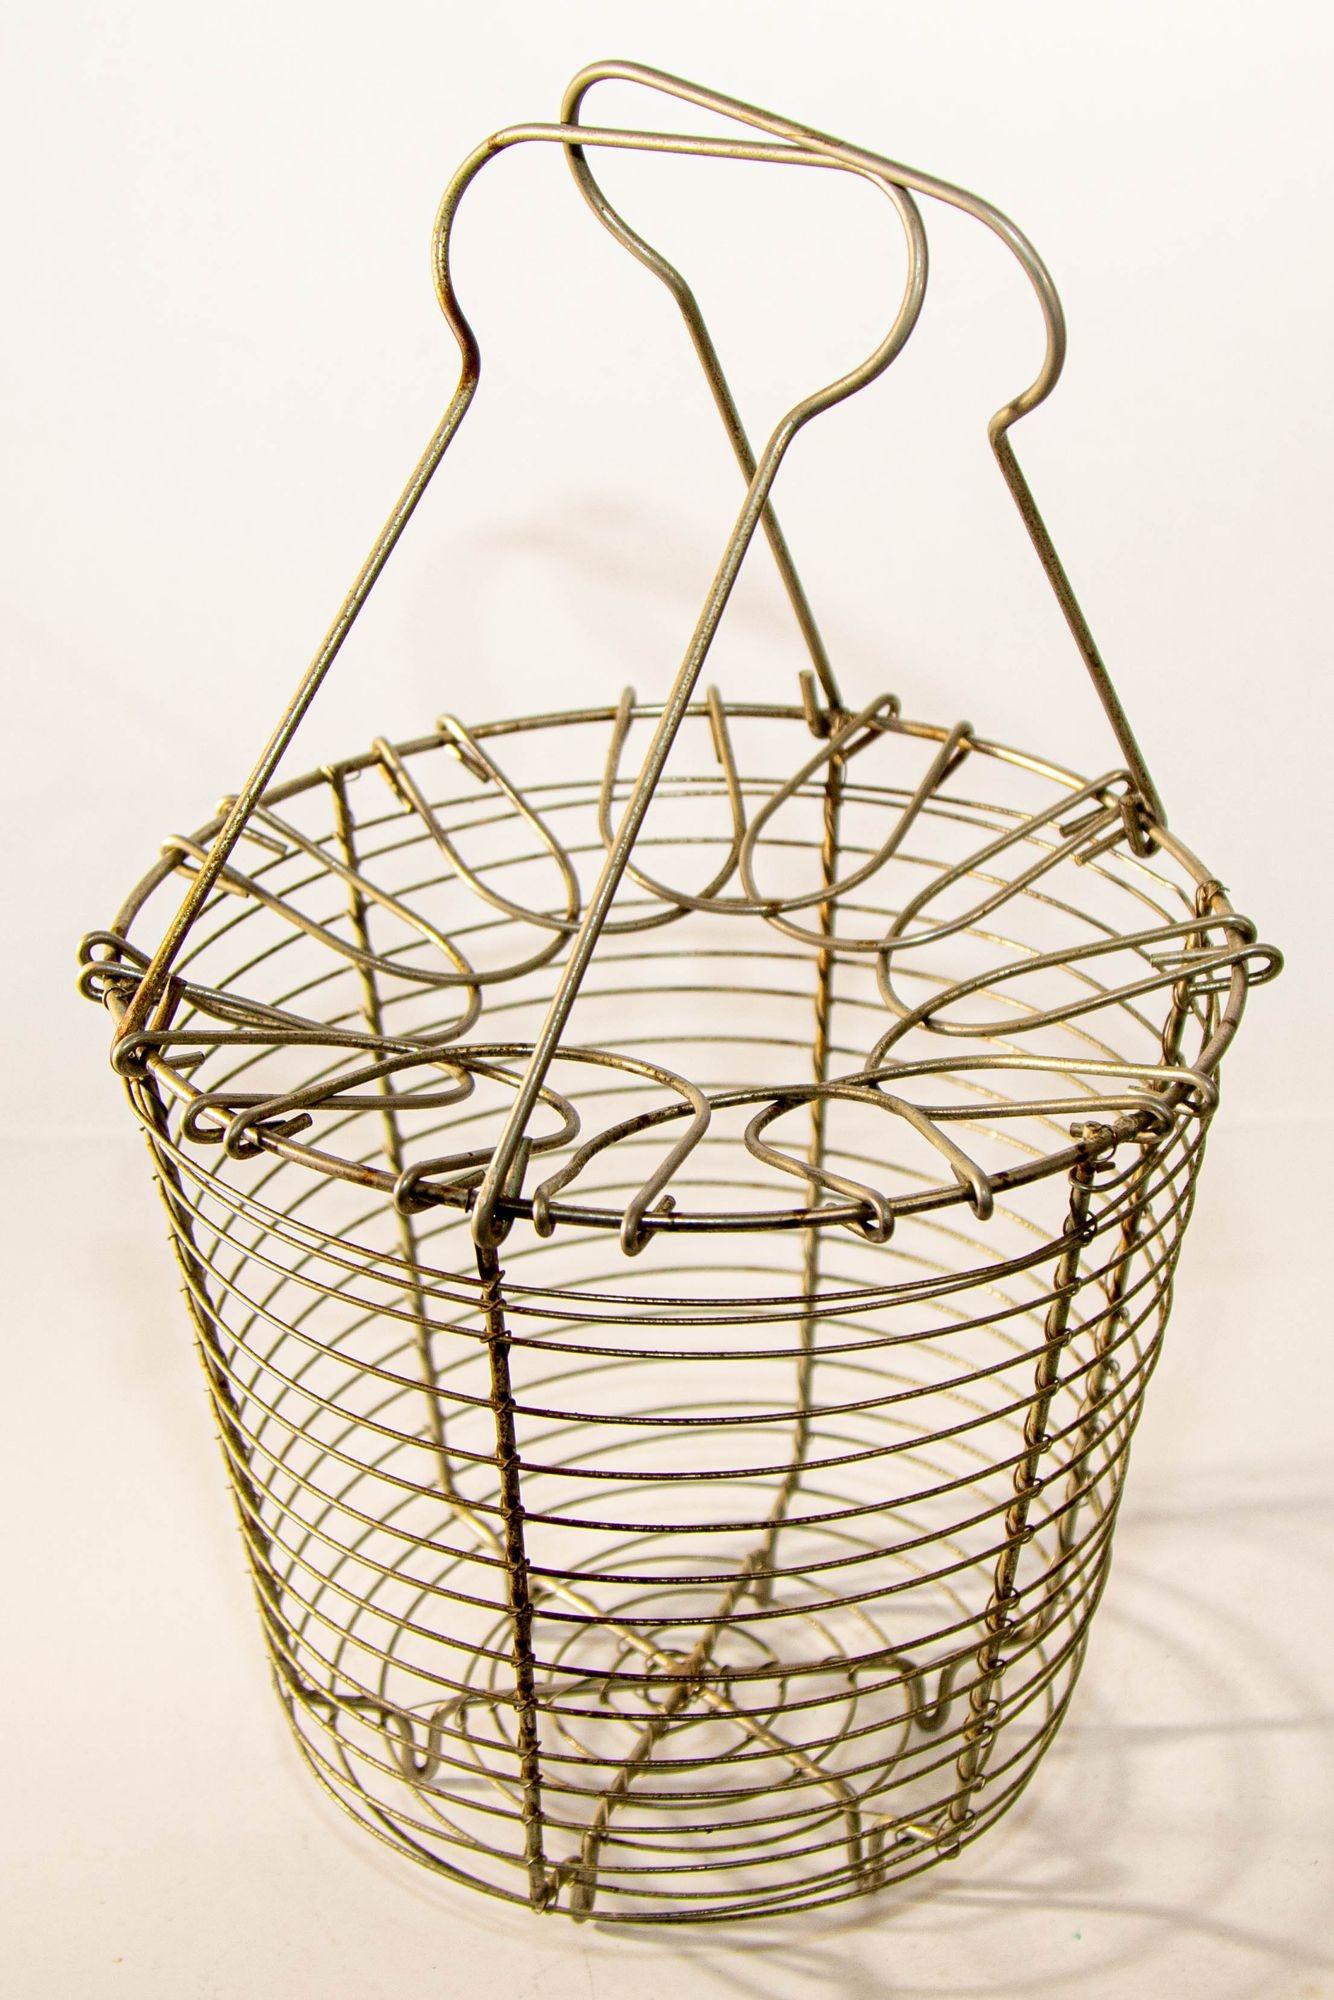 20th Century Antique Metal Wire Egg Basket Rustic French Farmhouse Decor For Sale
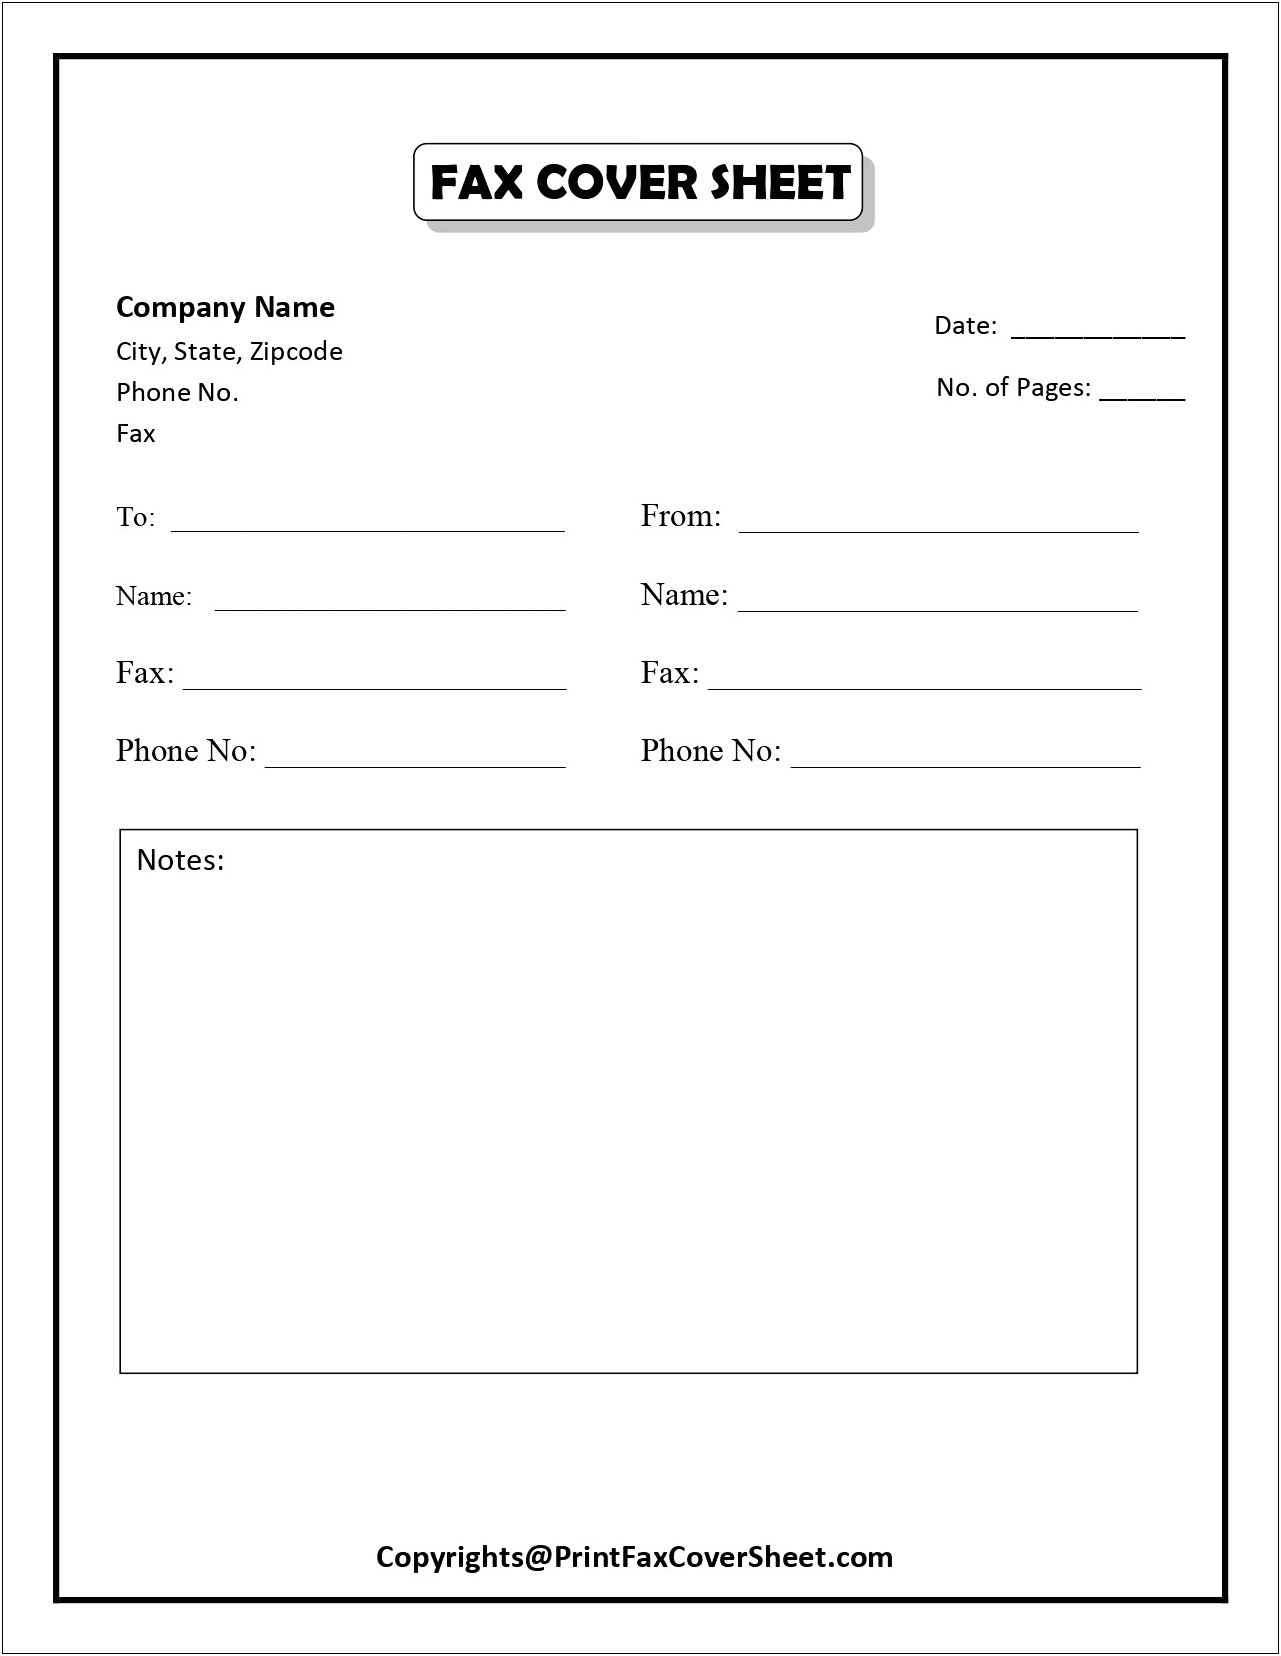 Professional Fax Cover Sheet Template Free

· · ·

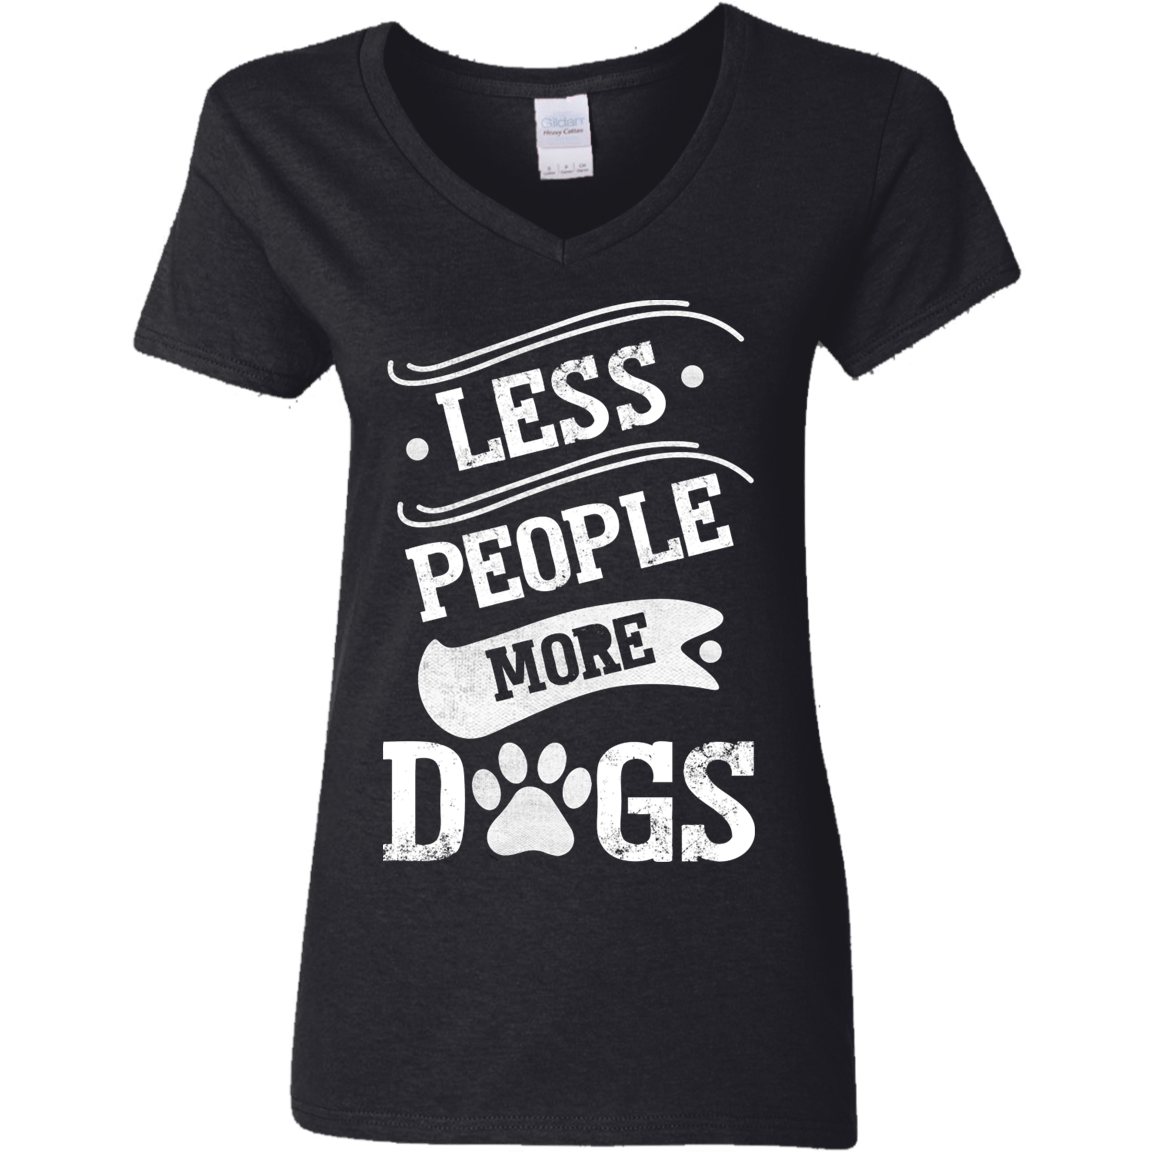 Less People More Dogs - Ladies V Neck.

· · ·

#### What the task requires:
Make an exact copy of the lines above, beginning with the line with "20th Century Antique" and ending with the line with "Professional Fax Cover Sheet Template Free", and keep the pictures out of it.

#### Expected output:
 20th Century Antique Metal Wire Egg Basket Rustic French Farmhouse Decor For Sale
 Professional Fax Cover Sheet Template Free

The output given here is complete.